((

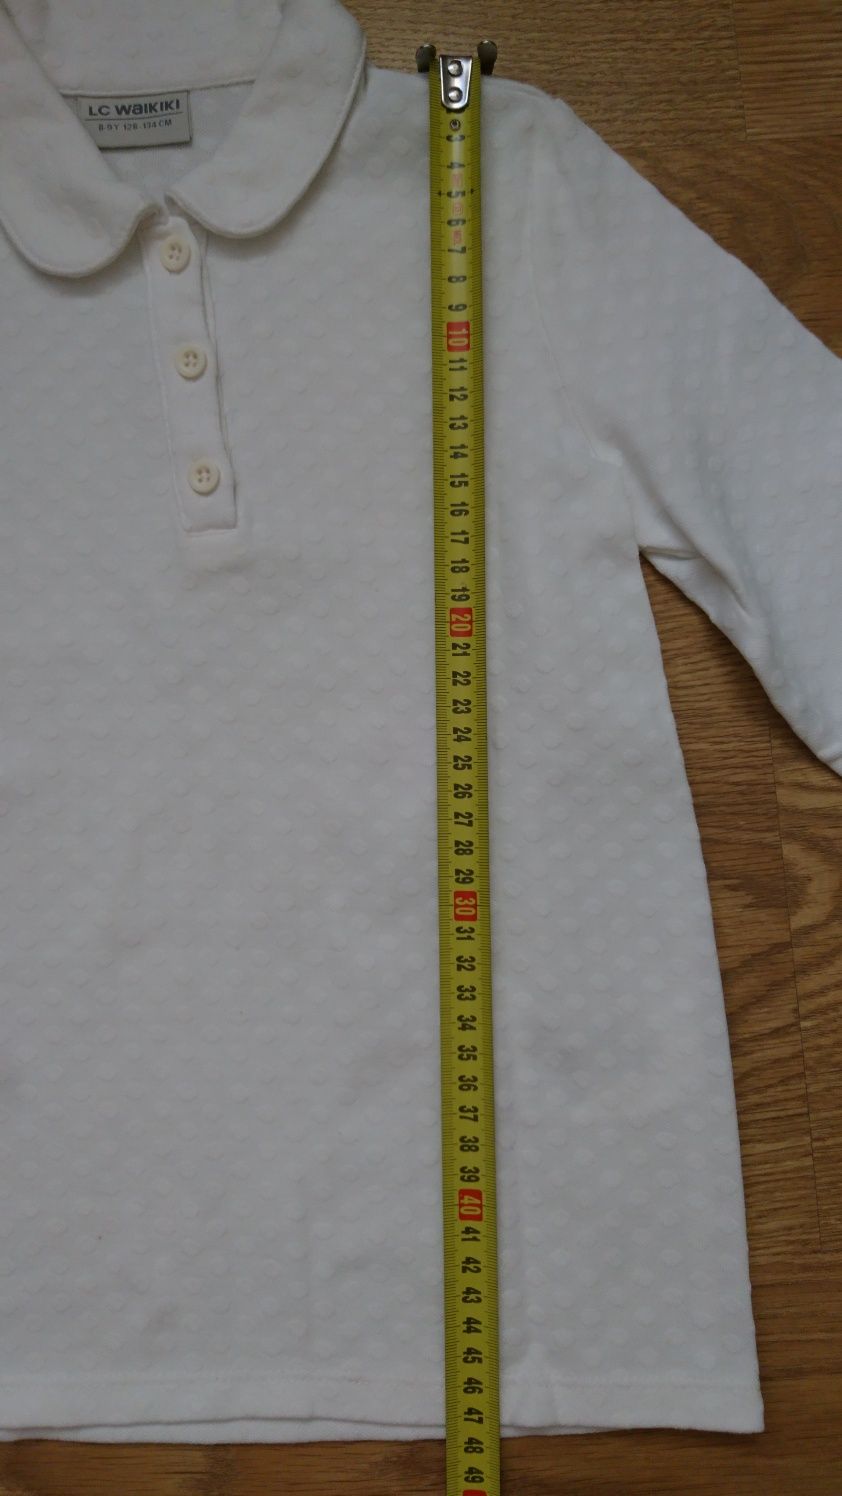 Белая рубашка LC WAIKIKI для девочки 134, кофта, джемпер, сорочка
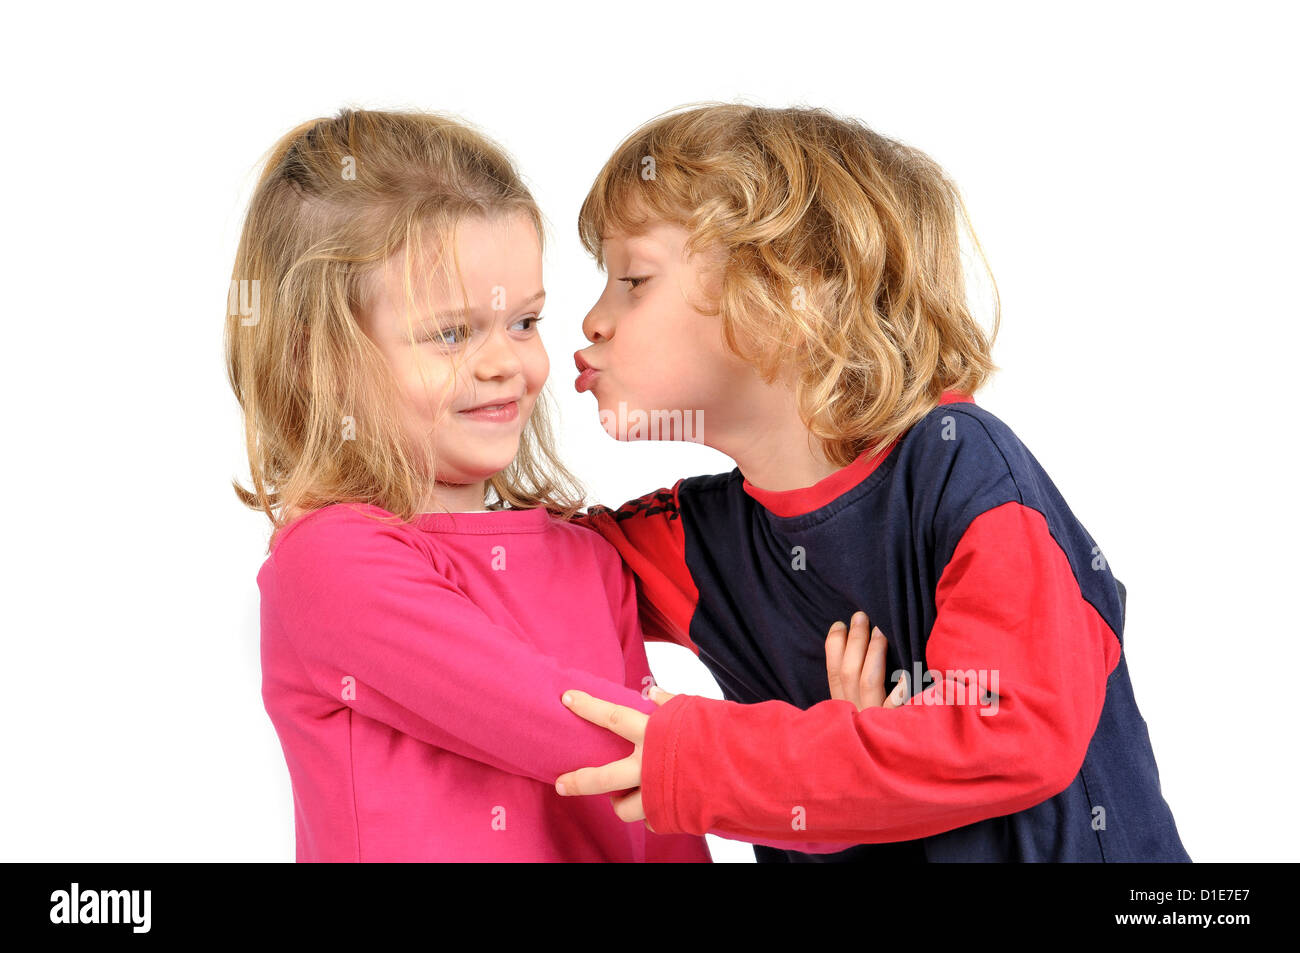 Kleiner Junge Eine Mädchen In Weißen Isoliert Zu Küssen Versucht Stockfotografie Alamy 
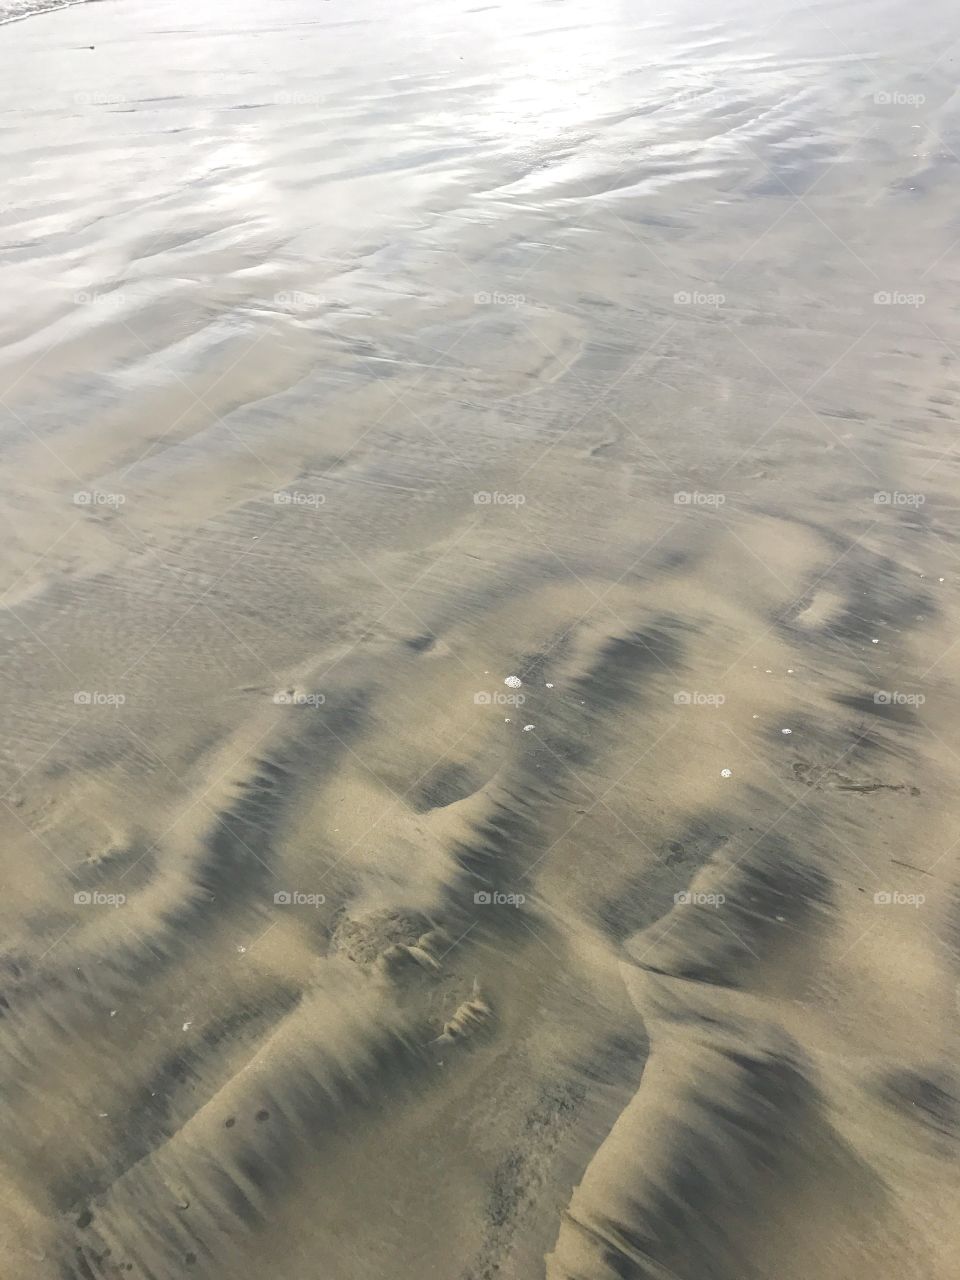 Wet sand on the beach

))

• Work task:
Every line above goes into the copy unchanged; the pictures do not.

• Solution to this problem:
 Белая рубашка LC WAIKIKI для девочки 134, кофта, джемпер, сорочка
 Kleiner Junge Eine Mädchen In Weißen Isoliert Zu Küssen Versucht Stockfotografie Alamy 
 Wet sand on the beach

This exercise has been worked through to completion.